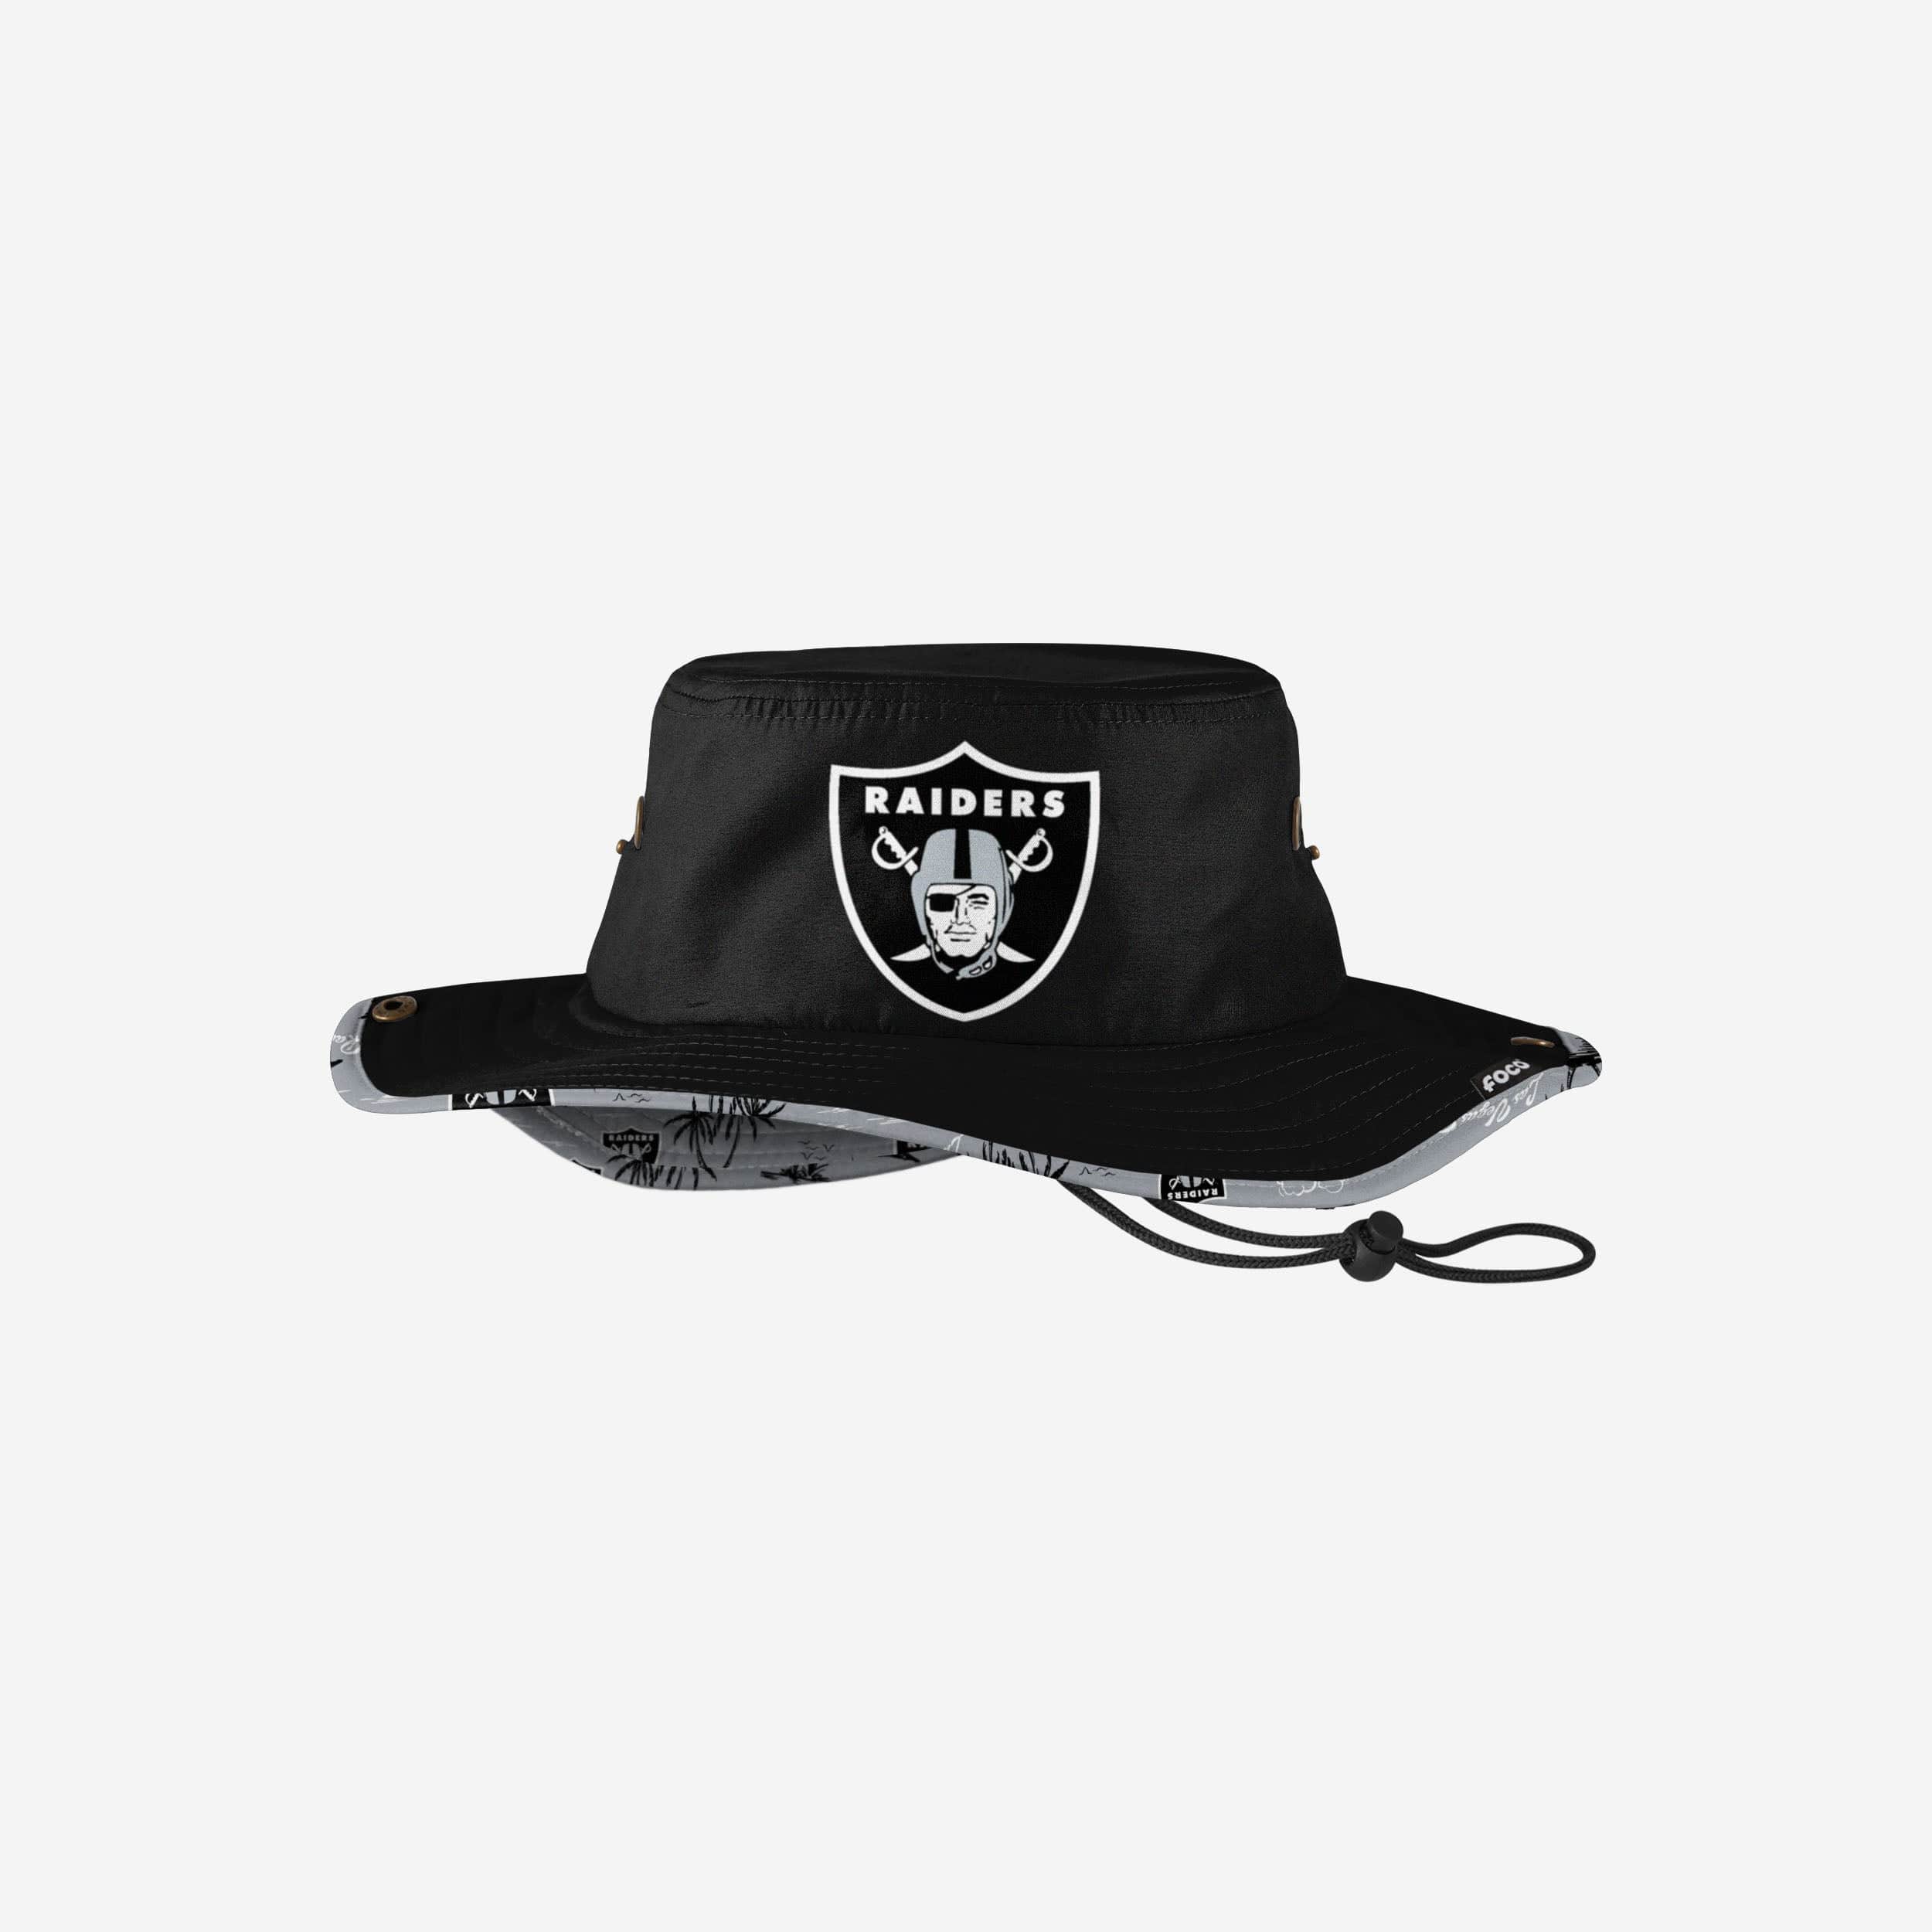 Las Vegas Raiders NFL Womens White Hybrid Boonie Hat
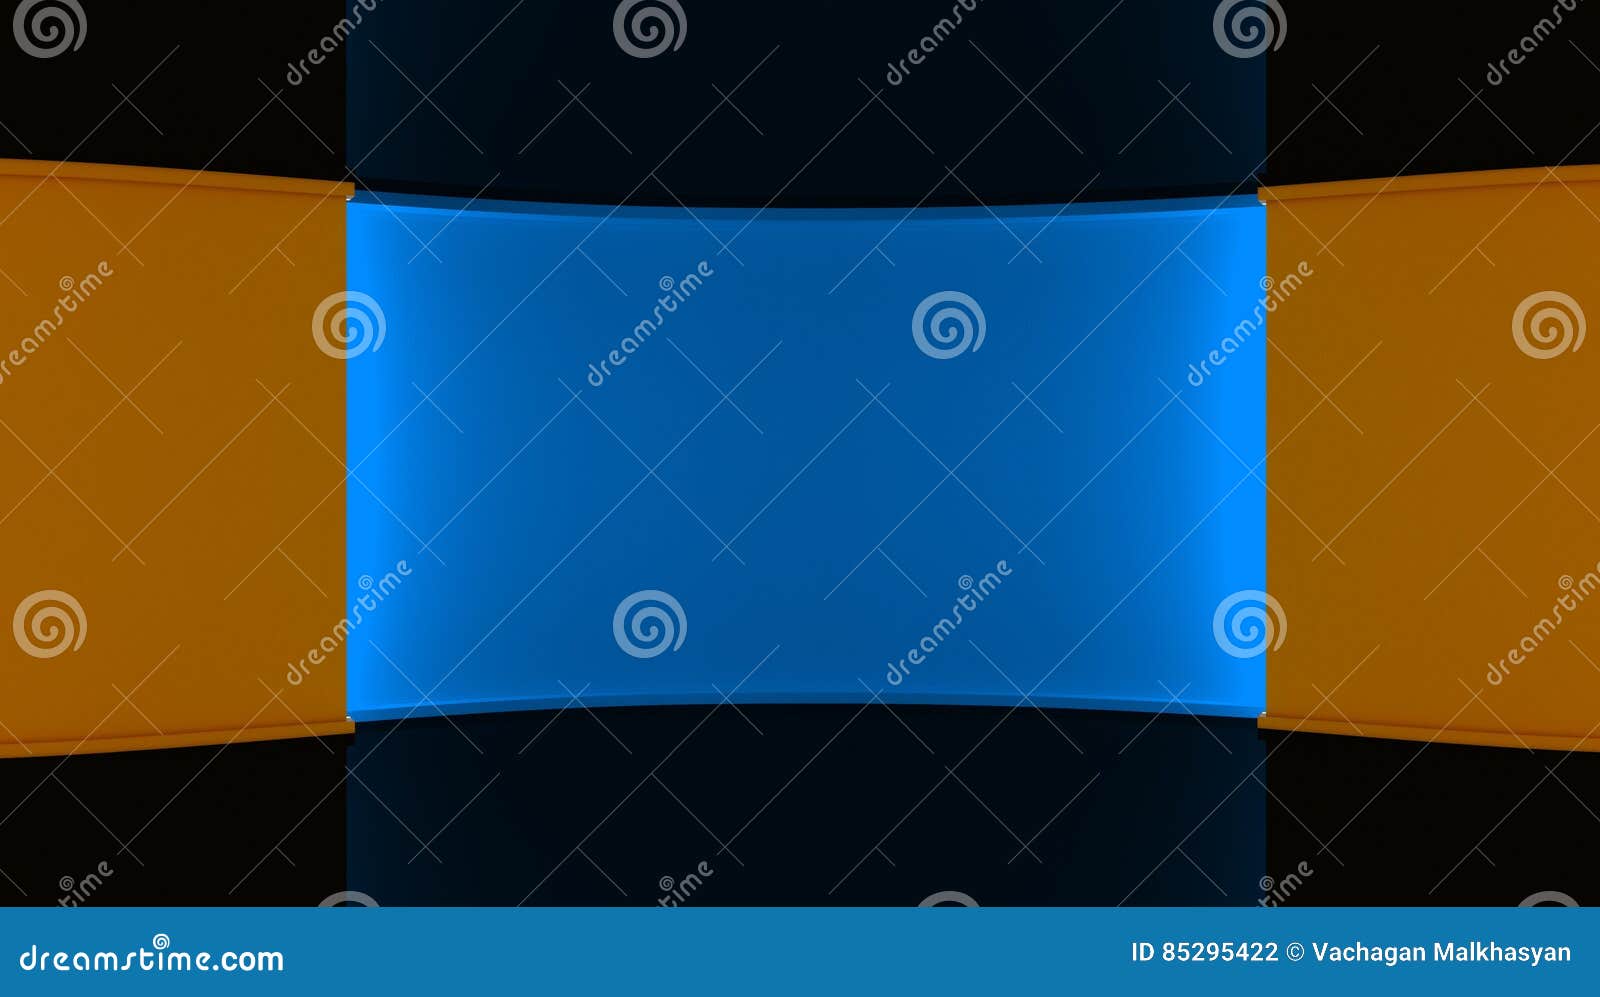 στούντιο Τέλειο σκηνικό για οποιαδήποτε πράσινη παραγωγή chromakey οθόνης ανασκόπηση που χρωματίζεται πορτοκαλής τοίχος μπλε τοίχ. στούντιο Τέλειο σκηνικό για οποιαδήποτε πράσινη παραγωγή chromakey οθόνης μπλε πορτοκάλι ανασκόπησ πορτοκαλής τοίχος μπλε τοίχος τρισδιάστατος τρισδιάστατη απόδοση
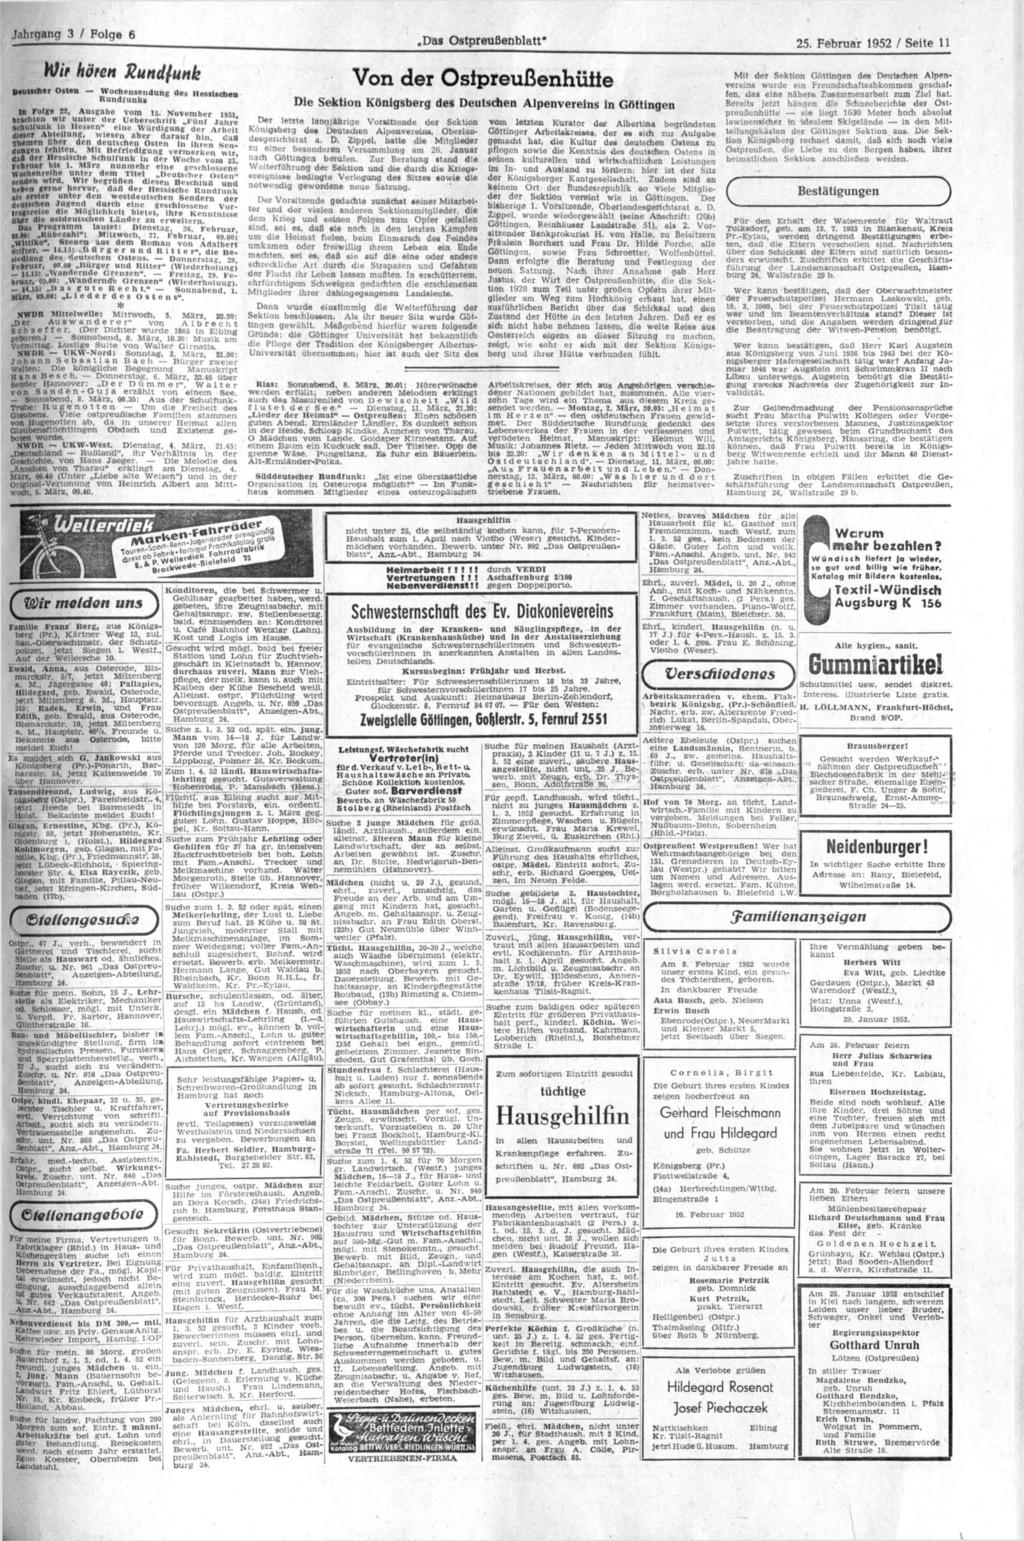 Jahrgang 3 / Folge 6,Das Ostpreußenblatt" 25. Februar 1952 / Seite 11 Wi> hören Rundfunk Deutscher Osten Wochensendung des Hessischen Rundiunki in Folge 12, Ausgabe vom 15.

########################################

Copy nothing but the lines above from the one with "τρισδιάστατος τρισδιάστατη απόδοση" through the end of the material, word for word, and drop the pictures.

Final answer.
 στούντιο Τέλειο σκηνικό για οποιαδήποτε πράσινη παραγωγή chromakey οθόνης ανασκόπηση που χρωματίζεται πορτοκαλής τοίχος μπλε τοίχ. στούντιο Τέλειο σκηνικό για οποιαδήποτε πράσινη παραγωγή chromakey οθόνης μπλε πορτοκάλι ανασκόπησ πορτοκαλής τοίχος μπλε τοίχος τρισδιάστατος τρισδιάστατη απόδοση
 Jahrgang 3 / Folge 6,Das Ostpreußenblatt" 25. Februar 1952 / Seite 11 Wi> hören Rundfunk Deutscher Osten Wochensendung des Hessischen Rundiunki in Folge 12, Ausgabe vom 15.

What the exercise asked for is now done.